Admitidally, every time i've ever looked at the Lift codebase in TextMate, i've always wondered what the hell the "lift-amqp" module was for. Well, curiosity may have killed the cat but it was not enough of deterrent to me finding out and building a sample AMQP / RabbitMQ application!

AMQP you say?

Yup, thats right. AMQP - Advanced Message Queuing Protocol to the lay' man not familiar with the acronym. Essentially AMQP is an open standard for enterprise messaging. There are several implementations of the standard, namely, Open AMQ and RabbitMQ - the latter is newer and generally considered to be the defacto implementation. Rabbit MQ is written in ERLang and has clients for Java, .NET, Ruby etc etc.

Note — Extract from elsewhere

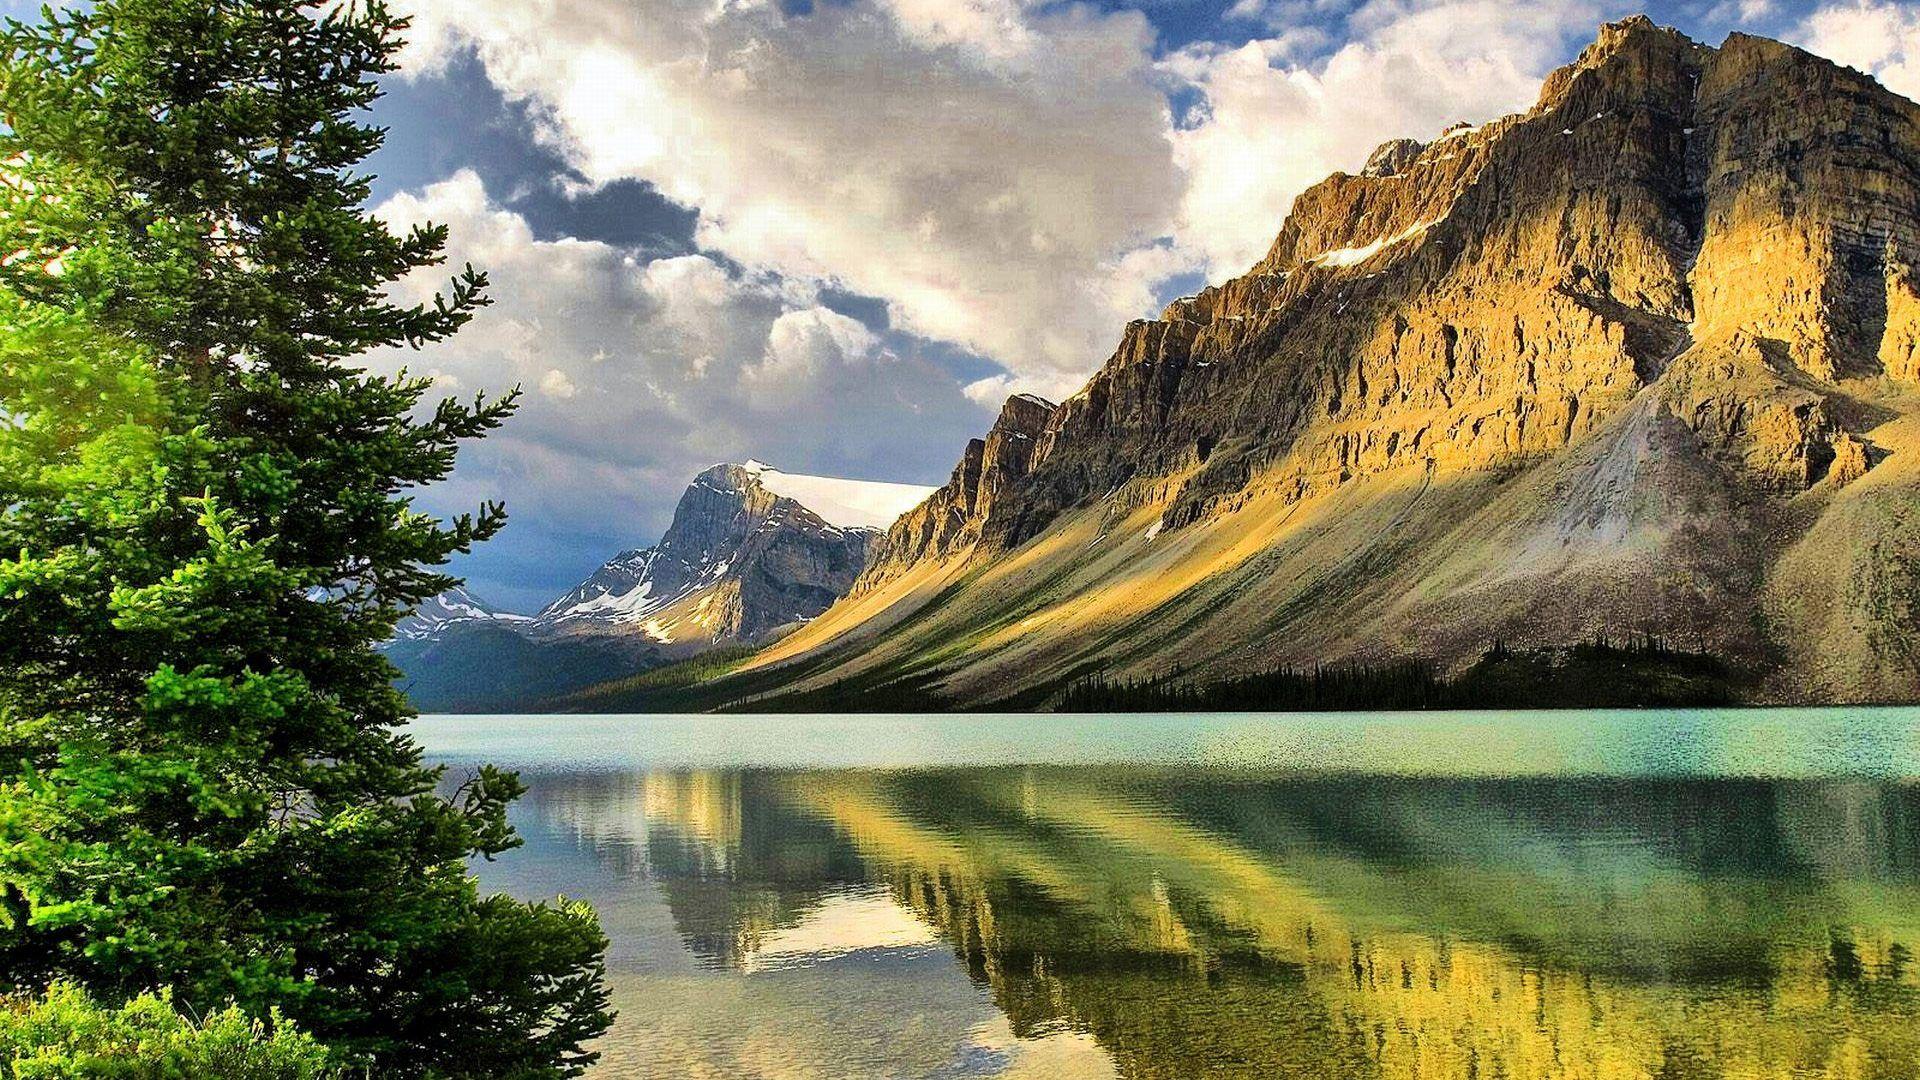 Lakes: Lake Trees Clouds Reflection Mountain Sunny Sky Wallpaper

So where does Lift fit in?

Strictly speaking, it doesn't. It just so happens that Steve J was working on the Lift team some time ago and wrote a nifty Scala wrapper around the standard (and highly mutable) Java client implementation of Rabbit MQ. To all intense purpose, "lift-amqp" can be used in any Scala application and has no other dependencies within the Lift framework.

Hand-wavy overview

Lets get down to business... I spent quite a lot of time just looking at the source code and scala-docs for lift-amqp and for the longest while couldn't figure out what went where. Being a fairly visual person, I've drawn up a diagram that explains the implementation and how you (yes, you reading this) would implement your application:

Lift AMQP

A working example?

So rather than try to post lots of pictures - I thought just putting up a screen-cast explaining the components would make more sense :-)

The client listener

So from the diagram above that explains the code layout - you can see that one of the first things you need to do is subclass AMQPDispatcher. The below is my example code that connects to the RabbitMQ broker and firstly declares a queue with the appropriate parameters. If you wondering why when the 2nd client connected in my example things didn't explode and complain about more than one exchange existing with the same name, thats because RabbitMQ is clever enough to know that if the queue / exchange already exists then it just Noop's the requests. Its a nice feature.


class DemonstrationSerializedAMQPDispatcher[T](
  queueName: String, factory: ConnectionFactory, 
  host: String, port: Int) extends AMQPDispatcher[T](
    factory, host, port) {
  override def configure(channel: Channel) {
    val ticket = channel.accessRequest("/data")
    channel.exchangeDeclare(ticket, "mult", "fanout")
    channel.queueDeclare(ticket, queueName)
    channel.queueBind(ticket, queueName, "mult", "example.*")
    channel.basicConsume(ticket, queueName, false, 
      new SerializedConsumer(channel, this))
  }
}

So, your probably thinking that this was not the class that I created an instance of during the screencast - and you'd be right. Essentially we still need a wrapper class to mask our dispatcher; the listener proper.

The purpose of the listener is to establish a connection to the broker, pass the right credentials etc. Within the listener we create an instance of the dispatcher and start its actor. We also then just have an inner class that we use for example purposes (another actor) that prints out the messages you saw in the terminal window. In reality, this would likely be passing messages to some other, external actor which handled the business process. For a full code listing see the end of this article.

The postman...

So now that you know how the example listens for messages, lets see the posting code...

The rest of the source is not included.